GMO: Value Outperformed Growth in the First Quarter. That Doesn’t Mean It’s Over.

“We think there’s plenty of room to run,” said GMO’s co-head of asset allocation John Thorndike.

Daniel Acker/Bloomberg

Daniel Acker/Bloomberg

Value stocks just came off a spectacular first quarter, but investors shouldn’t expect that to make much of a difference in the longer term performance gap between growth and value.

In a brief report from the asset allocation team at GMO, the group argues that while value stocks have been left on the sidelines in lieu of growth stocks for some time now, there was a “meaningful reversal” in the first quarter of 2022. In fact, GMO cited the MSCI ACWI value index’s performance, which outperformed its growth counterpart by 8.8 percent.

But the GMO asset allocation team warns that this outperformance does not mark the finite reversal of value and growth.

“Growth has beat value by so much and for so long that an 8.8 percent move is basically just a blip,” John Thorndike, co-head of asset allocation at GMO, told Institutional Investor.

GMO described growth as “out-compounding” value for over a decade. Consider this: From 2009 to 2021, the MSCI ACWI Value index returned 9.2 percent annually. The authors of GMO’s report called this “commendable.”
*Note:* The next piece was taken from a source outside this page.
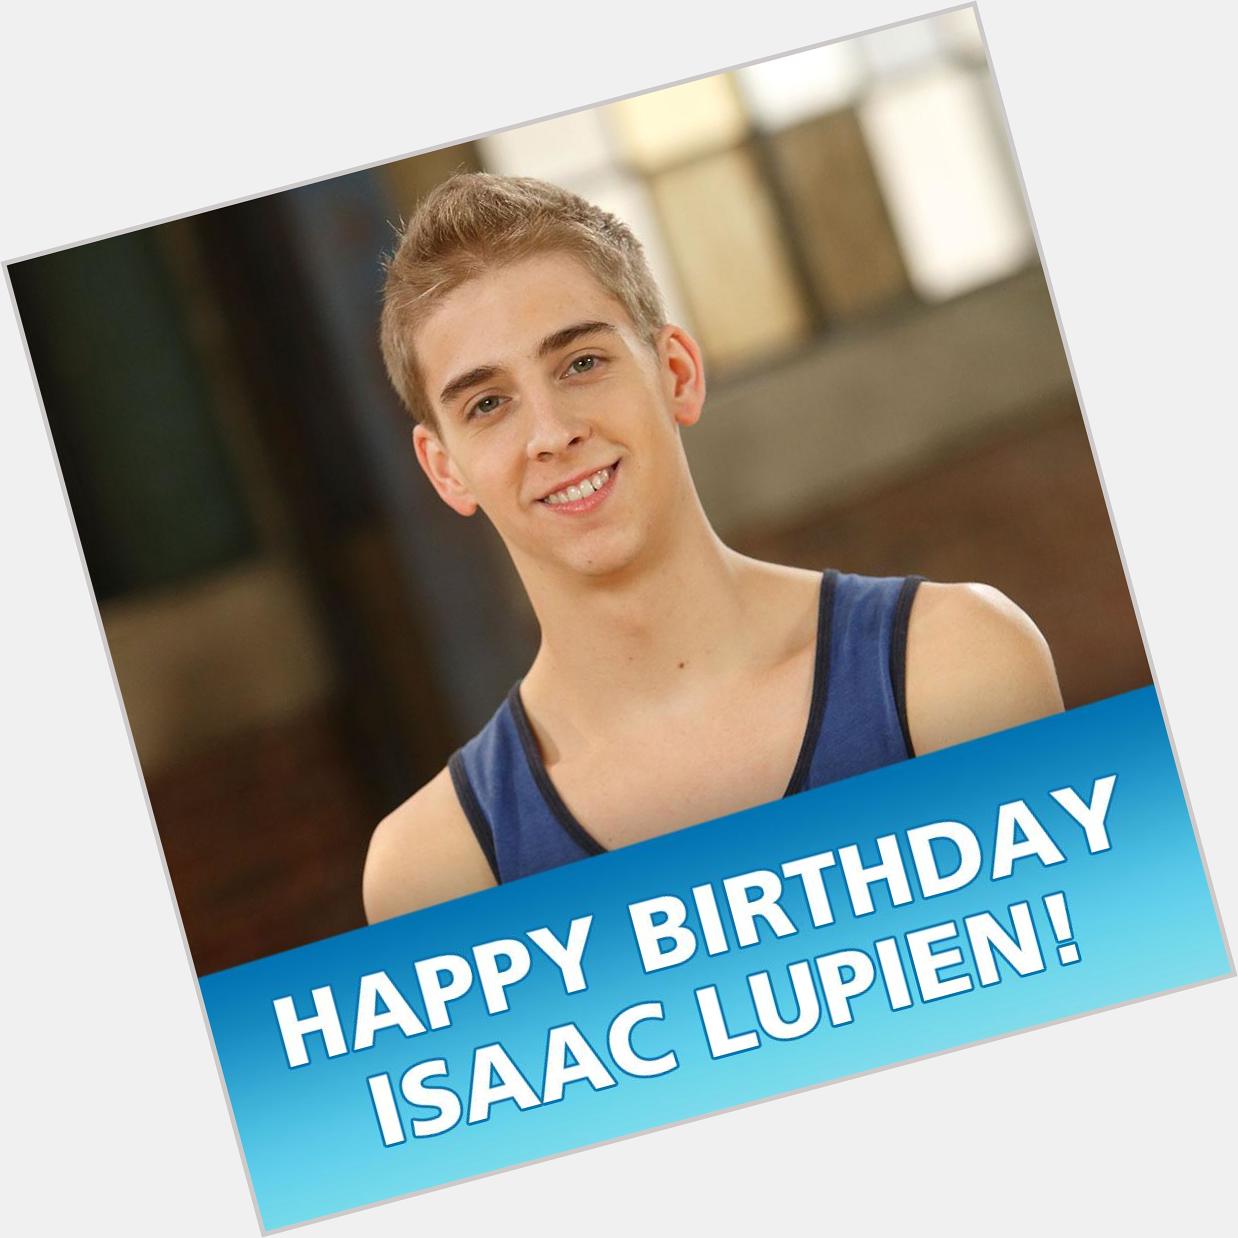 Happy Birthday to our friend Isaac Lupien!

But the MSCI ACWI Growth generated a 14.5 percent on an average annual basis. That means growth has out-compounded value by a cumulative — and whopping — 265 percent.

GMO said the reversal in the first quarter is relatively insignificant when it comes to the differential between value and growth.

In the report, GMO’s asset allocation team calculated the ratio of the most expensive third of stocks — growth stocks — divided by the cheapest third of stocks —value stocks — for each sector. They then compared this ratio — or differential between value and growth stocks — to its current ratio and what it has been over time.

“We basically built a DDM [Dividend Discount Model] like a fundamental investor would, except we did it quantitatively and applied it to every stock in our universe,” Thorndike said.

Take the energy sector, for example: The most expensive third of energy stocks in this sector trade at about 3 times the ratio of the cheapest third of energy companies in the energy sector. In other sectors like consumer discretionary and information technology, the difference is even larger.

“The wider that discount is, the more likely it is to shrink back toward an average,” Thorndike said.

Today, Thorndike said the value spreads are still very wide, which means that they will inevitably shrink and return to average. In order for the spreads to shrink, value stocks have to first outperform growth stocks.

While the spreads remain wide, they tightened a bit during the first quarter of 2022. For institutional investors, this means that the best-performing stocks in their portfolios may become some of the worst-performing stocks. But this isn’t going to happen overnight — and the first quarter certainly didn’t change much.

“We think there’s plenty of room to run,” Thorndike said.